Nicholas A Sumpter (1), Brenda Kischkel (1), Suzanne Ruijten (1), Hang-Korng Ea (2), Leo A.B. Joosten (1,3)
Affiliation(s):
1. Department of Internal Medicine, Radboud University Medical Center, Nijmegen, Netherlands
2. Department of Rheumatology, Lariboisierre Hospital, Paris, France
3. Department of Medical Genetics, Iuliu Hatieganu University of Medicine and Pharmacy, Cluj-Napoca, Romania
Objectives: The extent of immune response to crystal deposition likely influences the onset and severity of crystal-associated diseases. We observe a marked variability in cytokine production during ex vivo stimulation assays with crystal-related stimuli. Therefore, we aimed to quantify the contribution of genetic and non-genetic factors to the variability in peripheral blood mononuclear cell (PBMC) cytokine response to crystal-related stimuli seen between individuals.
Methodology: We used data from the 200FG cohort, including a total of 547 healthy participants from the Netherlands. Each year, approximately 200 of these participants have blood collected, then PBMCs are isolated prior to stimulation with a variety of stimuli for 24h or 7 days. Various cytokines are measured in the supernatants from these stimulation assays using ELISA. We also have whole genome genotyping data on 431 of the 547 participants.
For this study, data from the 2017, 2018, and 2023 cohorts were included (N = 152, 201, and 194 respectively). The 2017 cohort included stimulation with C16 fatty acid (a TLR agonist) alone, or in combination with monosodium urate (MSU) crystals. The 2018 cohort included stimulation with lipopolysaccharide (LPS), basic calcium phosphate (BCP) crystals, and the combination. The 2023 cohort included stimulation with LPS, calcium pyrophosphate (mCPPD) crystals, and the combination. All stimulants were prepared in a single batch, all stimulations were 24 hours long, and in all years IL-1β, IL-6, and IL-1RA were measured in the supernatant.

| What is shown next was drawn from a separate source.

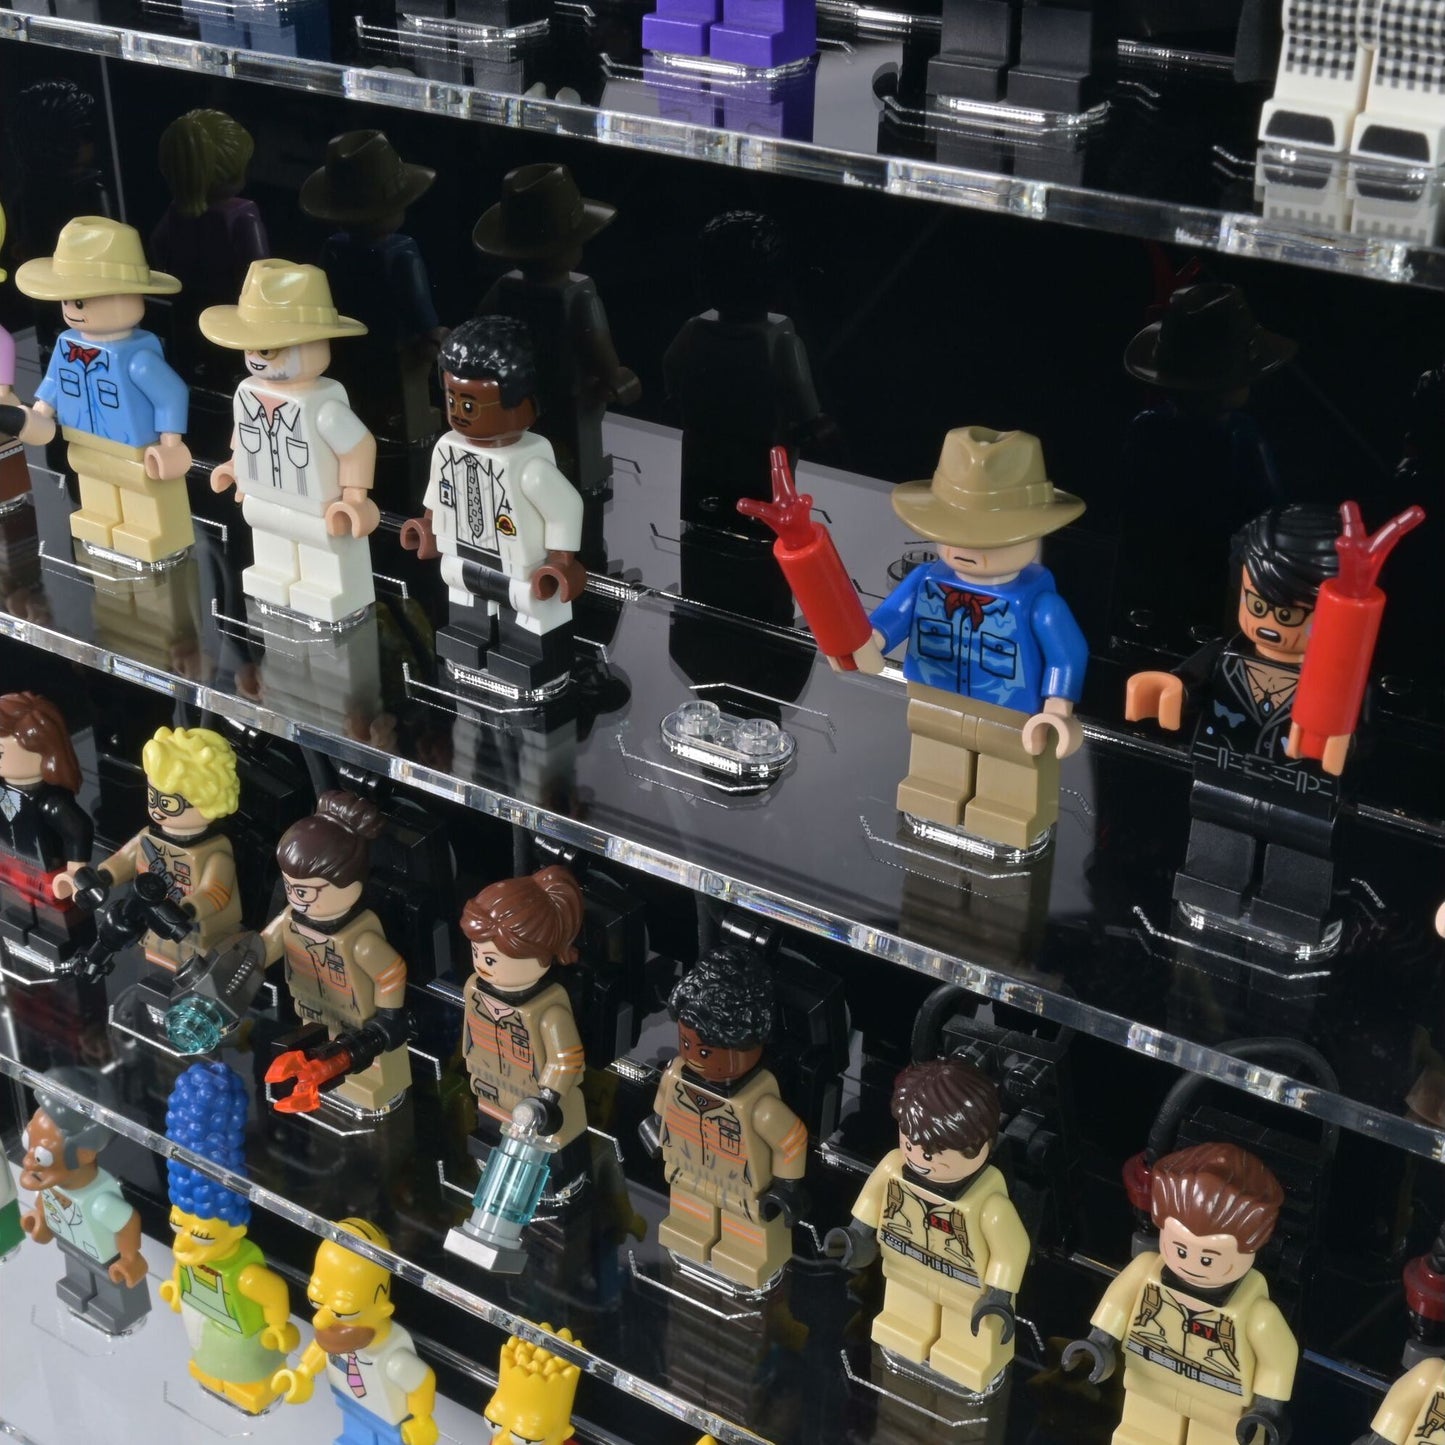 40 LEGO® Minifigures Wall-Mounted Display Case
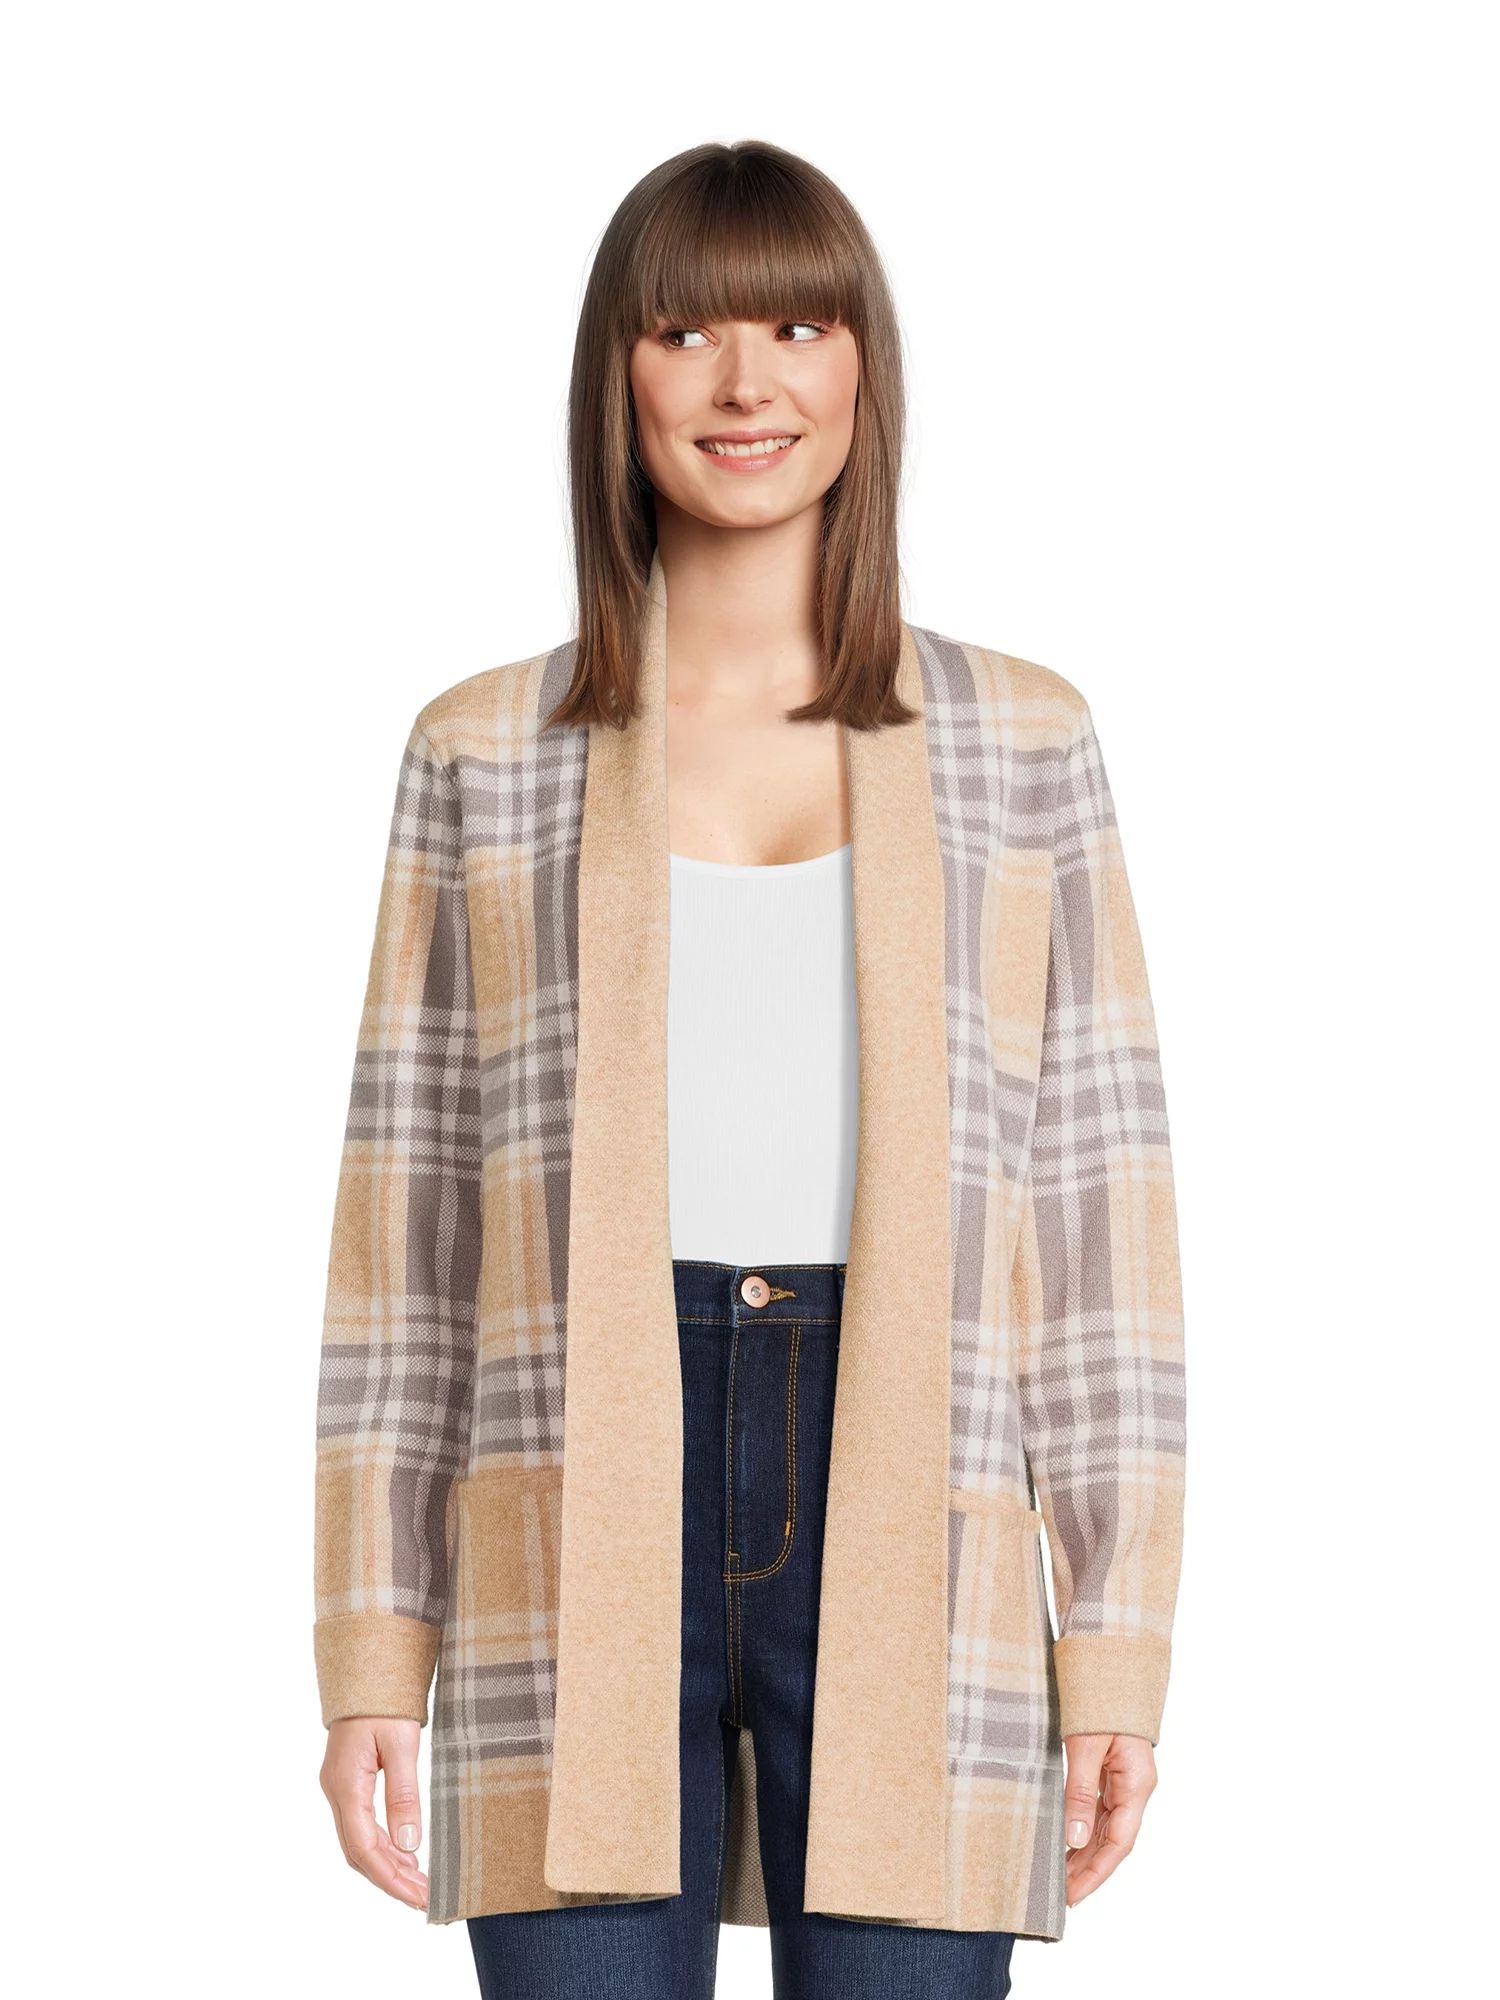 99 Jane Street Women's Open Front Cardigan Sweater with Long Sleeves, Midweight, Sizes XS-XXXL | Walmart (US)

For each cytokine/stimulus pair, we first performed a GWAS, then we measured the percentage of variance explained (R2) by age, gender, PBMC lymphocyte:monocyte ratio, PBMC neutrophil percentage, date of stimulation, and polygenic risk scores comprised of all independent variants associated at P < 10-5 after adjusting for all other variables listed. We excluded any cytokine/stimulus pairs with more than 25% of data at the lower limit of detection.
Findings: We found similar synergistic IL-1β response patterns for all three crystals, though the other cytokine responses were inconsistent (Figure 1). We found that the percentage of variance explained for any factor was highly variable between cytokines and stimuli (Figure 2). Notably, PBMC lymphocyte:monocyte ratio explained up to 42% (median 5%) of variance in cytokine response, and date of stimulation explained up to 63% (median 11%). Date of stimulation was an important confounder for many cytokine responses. The polygenic risk scores explained up to 64% (median 16%) of variance, highlighting the importance of individual genetics in cytokine response.
Significance: This study highlights the importance of genetics, PBMC cell composition, and stimulation batches in determining the extent to which an individual responds to a stimulus. It therefore seems likely that individuals who are predisposed either genetically or environmentally to have higher cell counts of monocytes relative to lymphocytes could be at higher risk for developing diseases such as gout, osteoarthritis, or CPPD disease. Additionally, the genetic associations likely implicate modified cell signalling pathways in response to stimulation. The small explanatory power of gender also suggests that the gender differences seen in crystal arthritis disease frequencies may primarily result from non-inflammatory components of the diseases such as serum urate or phosphate/pyrophosphate concentrations.